The Pros And Cons Of Attending A Small School

I've known since I was in high school that I wanted to attend a small college. When describing my ideal school to my parents, I would say that I would be happy going somewhere small enough that people greeted me by name as I walked between classes. At Rollins College, that's exactly what I got. There are dozens of other reasons going to a small school is an experience like no other—some great, some a little annoying. Still, I'm happy with my decision and wouldn't change it if I could. Here's what I've learned about small schools that set them apart.

Pro: Everyone knows you.

It can really lift your spirits to see someone excitedly waving at you from across the dining hall, and more often than not, you'll run into quite a few familiar faces in your new classes—which is great when you didn't write down the homework. Your friend circles overlap, staff and faculty recognize and remember details about you, and you feel more at home.

Con: Everyone knows you.

Yes, this can be a con as much as a pro. When you just want to roll out of bed and go to class in your pajamas and bedhead, chances are you're going to run into six people you know on your 2 minute commute from your dorm to your first class. Also, because friend groups overlap and everybody knows everybody, small schools make it hard to fly under the radar if you're trying to keep anything on the down low.

Pro: Smaller class sizes.

Your teachers know your name and how well you're doing, and can work with you personally to help you succeed. They’re understanding if something is happening in your life, and are enthusiastic about your endeavors in and out of the classroom. Small group discussions and classroom unity are common and you can really get down and dirty with what you're learning, rather than just sitting in a massive lecture hall.

Pro: It's a more personalized experience.

There's more wiggle room when something doesn't suit your needs or learning style. I once had a professor email me the night before a presentation making sure I was still up for it, and when I said that I was, but have bad presentation anxiety, he asked if I had any ideas for a replacement assignment, and I ended up writing him an essay instead. Another time, after seeing “world chocolate day” marked on the dining hall calendar, I emailed the head chef asking if one of the special desserts they planned to celebrate with could be vegan. He responded, “why wait?” and had a vegan chocolate cake waiting for me in the dining hall that Friday. Not all professors and staff members are this kind and lenient, but it's certainly more feasible in small schools, and I’m very grateful!

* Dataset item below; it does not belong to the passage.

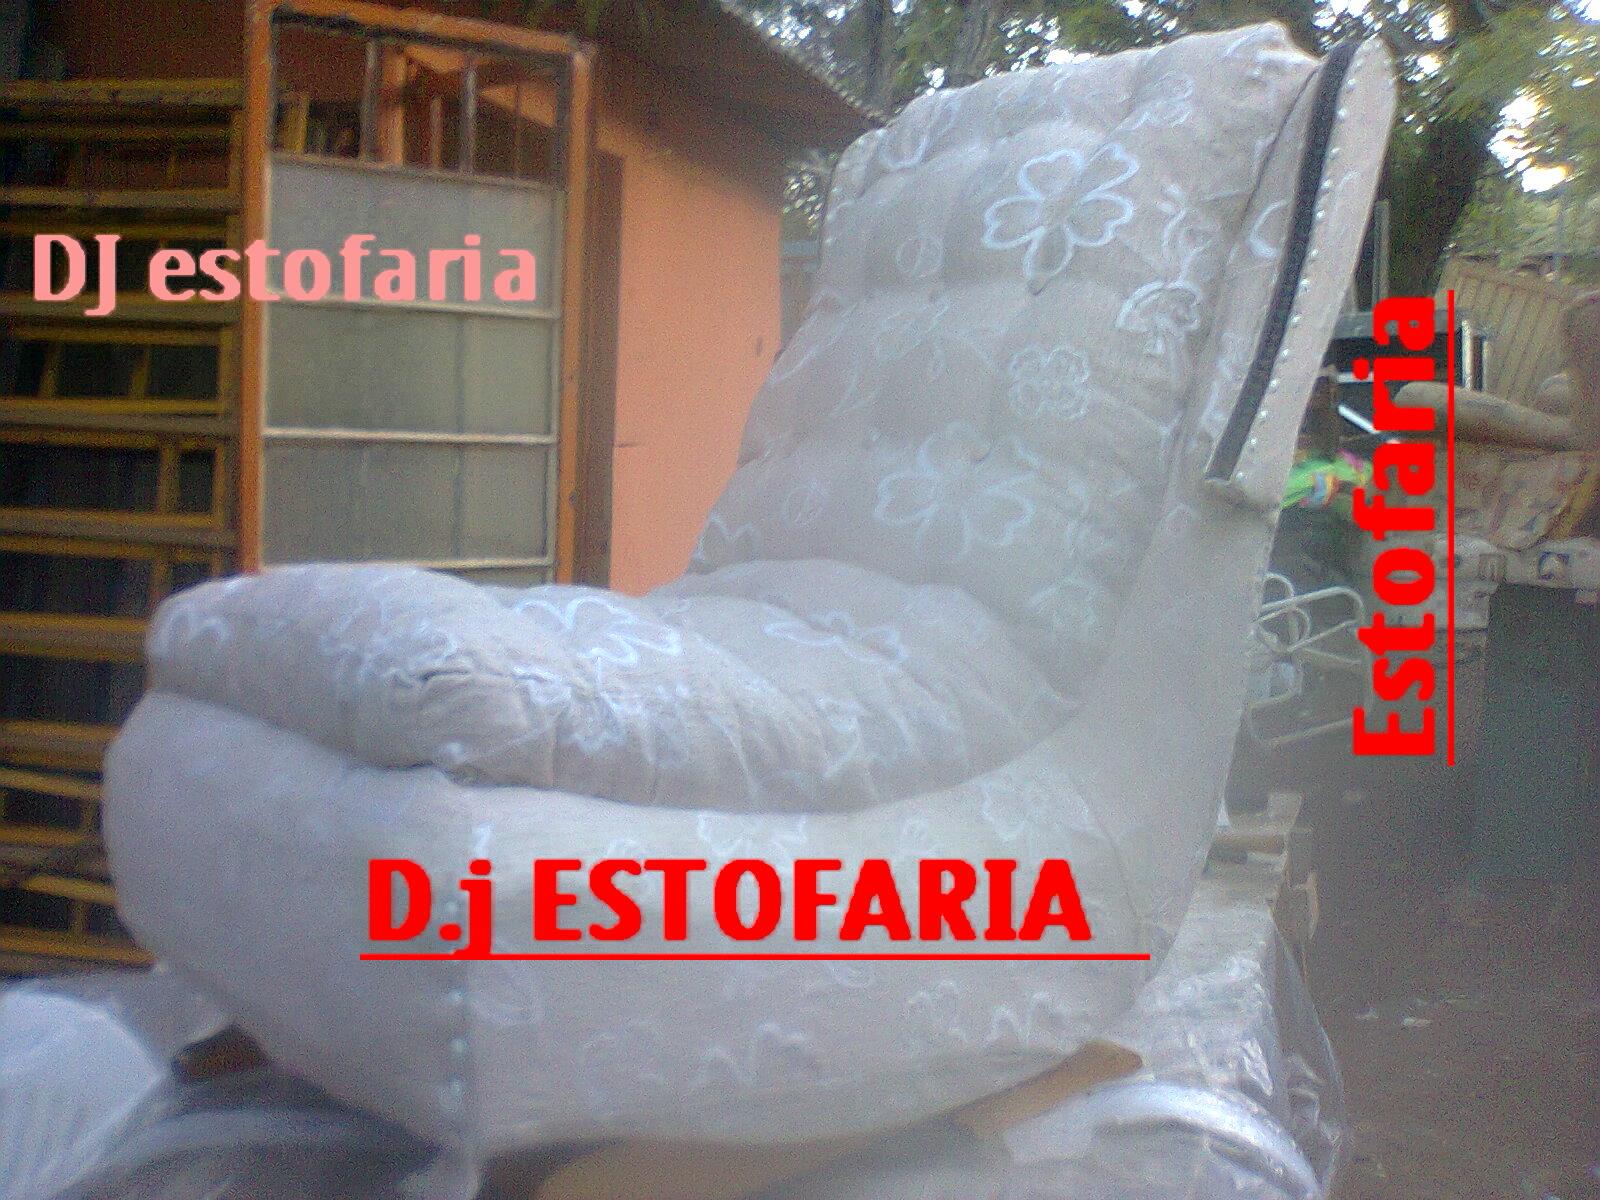 Estofaria DJ logo

Con: You can't skate by in class without it going unnoticed.

If you were unwilling to put in the effort for an assignment because you're exhausted or too busy, your professor will likely notice. When you're an A student and get a C on a test, don't be surprised if your professor writes "what happened?" on your exam. Class participation is frequently emphasized (and graded), as is recorded attendance: you're expected to give as much to the class as your professor is. In these ways, going to a small college can be reminiscent of high school.

Pro: It's easier to get involved.

If you have an idea—a new club, a project, an event you want to bring to campus—there’s always a faculty member excited to talk to you about it. With small schools, it's easy to see how much the faculty wants you to succeed, and wants to see you soar.

Pro: More nuanced traditions.

Sure, at big schools you have famous football teams and school spirit that expands well outside of your campus, but there’s something heartwarming about the little schools with characteristics only those who have experienced can truly appreciate. At Rollins College, for one day every spring, a fox statue will appear on the main lawn, indicating that classes are canceled for the day and events like a picnic, face painting, and waterslides will soon follow. It’s traditions like Fox Day that make Rollins unique and loveable. It also creates a sense of fellowship. When you attend a 40,000-student university, seeing a stranger on the other side of the country wearing a shirt from your school may make you say, “woo, go [campus mascot]s!” When that happens for a small school, though, the coincidence results in ecstatic camaraderie and storytelling.

Picking a school is really left to personal preference. There are days where I groan and think, maybe I should have gone with a something different. But that’s something everyone in college thinks from time to time, and if I had picked something different, there are so many wonderful things here I would have missed out on. I think Rollins College was a great choice for me, and its small size is definitely a big factor!